Have we heeded Roosevelt’s warning? We can clearly foresee the devastation climate change will bring. Yet many modern Republicans, particularly those in Congress, are aligning themselves with the polluters and the deniers to manufacture doubt about the science and to fight any limits on greenhouse gas emissions.
Roosevelt, a Republican, had foresight to protect the natural resources we rely on, but his once great party has lost track of his ideals. Democrats and Republicans should be working with President Obama to implement his Climate Action Plan to reduce carbon pollution. But when the Environment and Public Works Committee recently held an oversight hearing on the President’s plan, what did we get from our Republican colleagues? Flat out climate denial—the polluter party line.
Theodore Roosevelt, the great Republican conservationist, stood up to polluting special interests. He was, in the name of the recent book, the Wilderness Warrior. Today, too many Republicans in Congress have joined polluting, corporate special interests in their war on the wilderness.
Perhaps they should listen to another Roosevelt. Theodore Roosevelt IV, the great grandson of the twenty-sixth president—and still a Republican. He wants his fellow Republicans to return to the values of his great grandfather. “It seems to be beyond the scope of many on the right to say, for instance, that species extinction, as a result of unrestrained human activity, is immoral and indefensible; that our refusal to seriously engage in a global effort to address climate change is unethical and imprudent.”

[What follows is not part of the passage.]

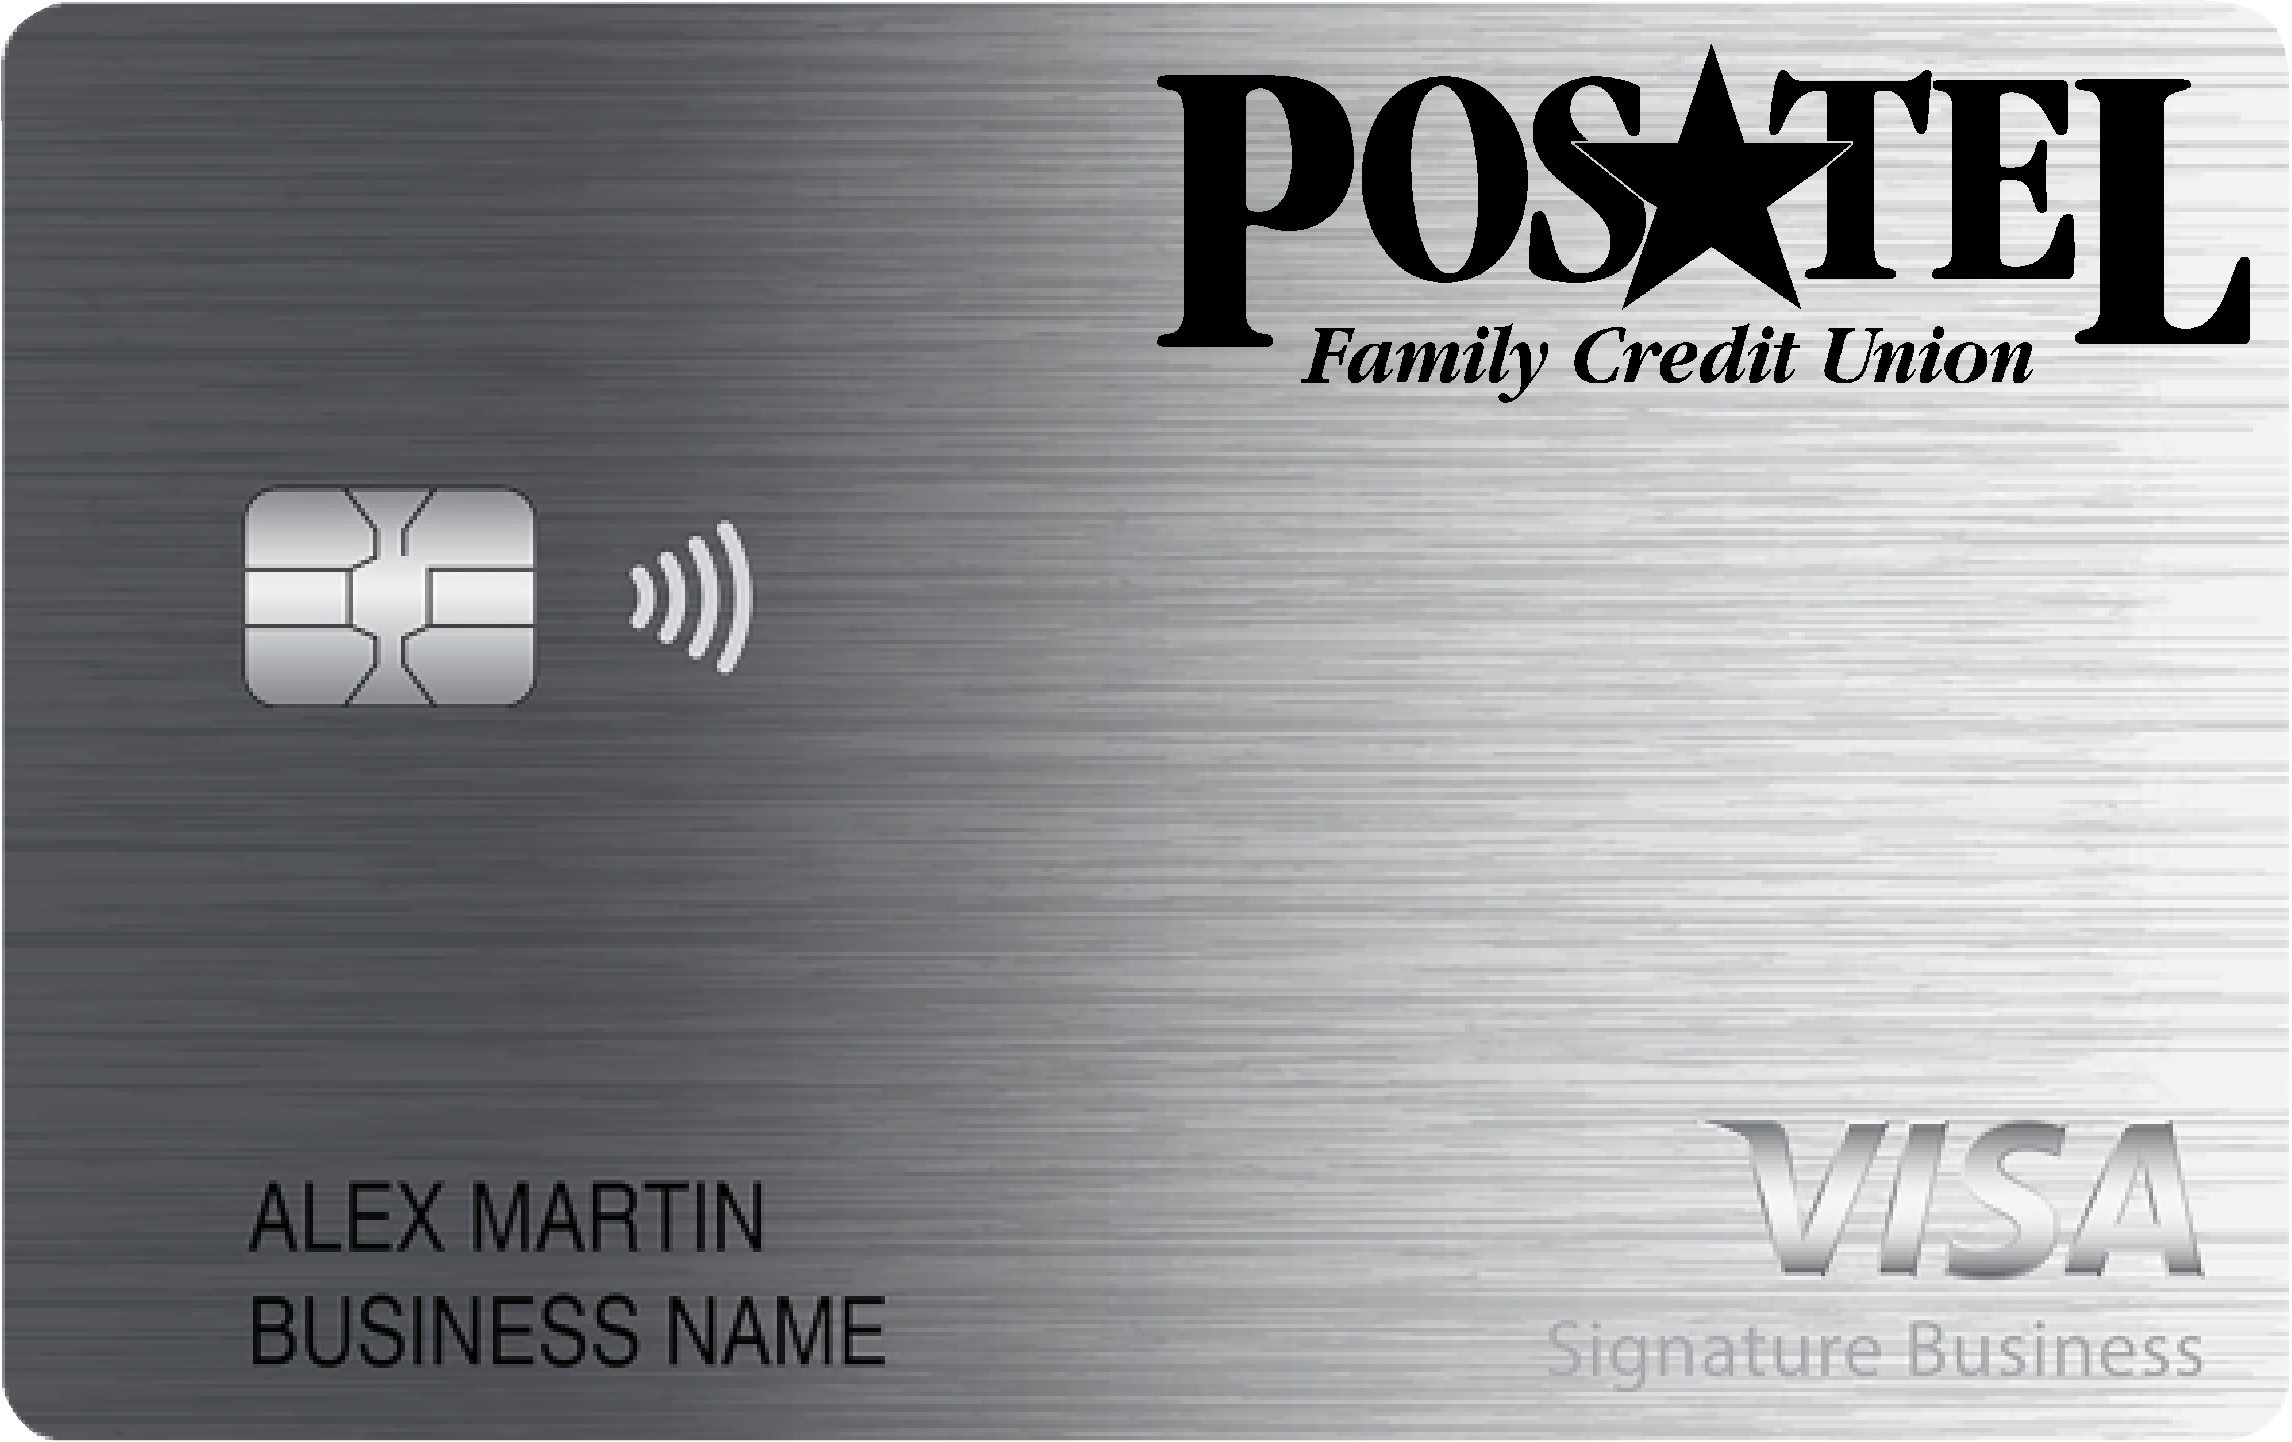 Postel Family Credit Union Smart Business Rewards Card

Mr. President, there are such clear warnings. The facts speak for themselves. The denial position has shown itself to be nonsense; a sham. Yet, in Congress, we sleepwalk on. Every day, more and more Americans realize the truth, and they increasingly want this Congress to wake up. They know that climate change is real.
Well, it is time to wake up and to do the work necessary to combat climate change. It is time for us to heed the words of President Theodore Roosevelt: “Here is your country. Cherish these natural wonders, cherish the natural resources, cherish the history and romance as a sacred heritage, for your children and your children’s children. Do not let selfish men or greedy interests skin your country of its beauty, its riches or its romance.”
Let us wake up. I thank the presiding officer, I yield the floor, and I note the absence of a quorum.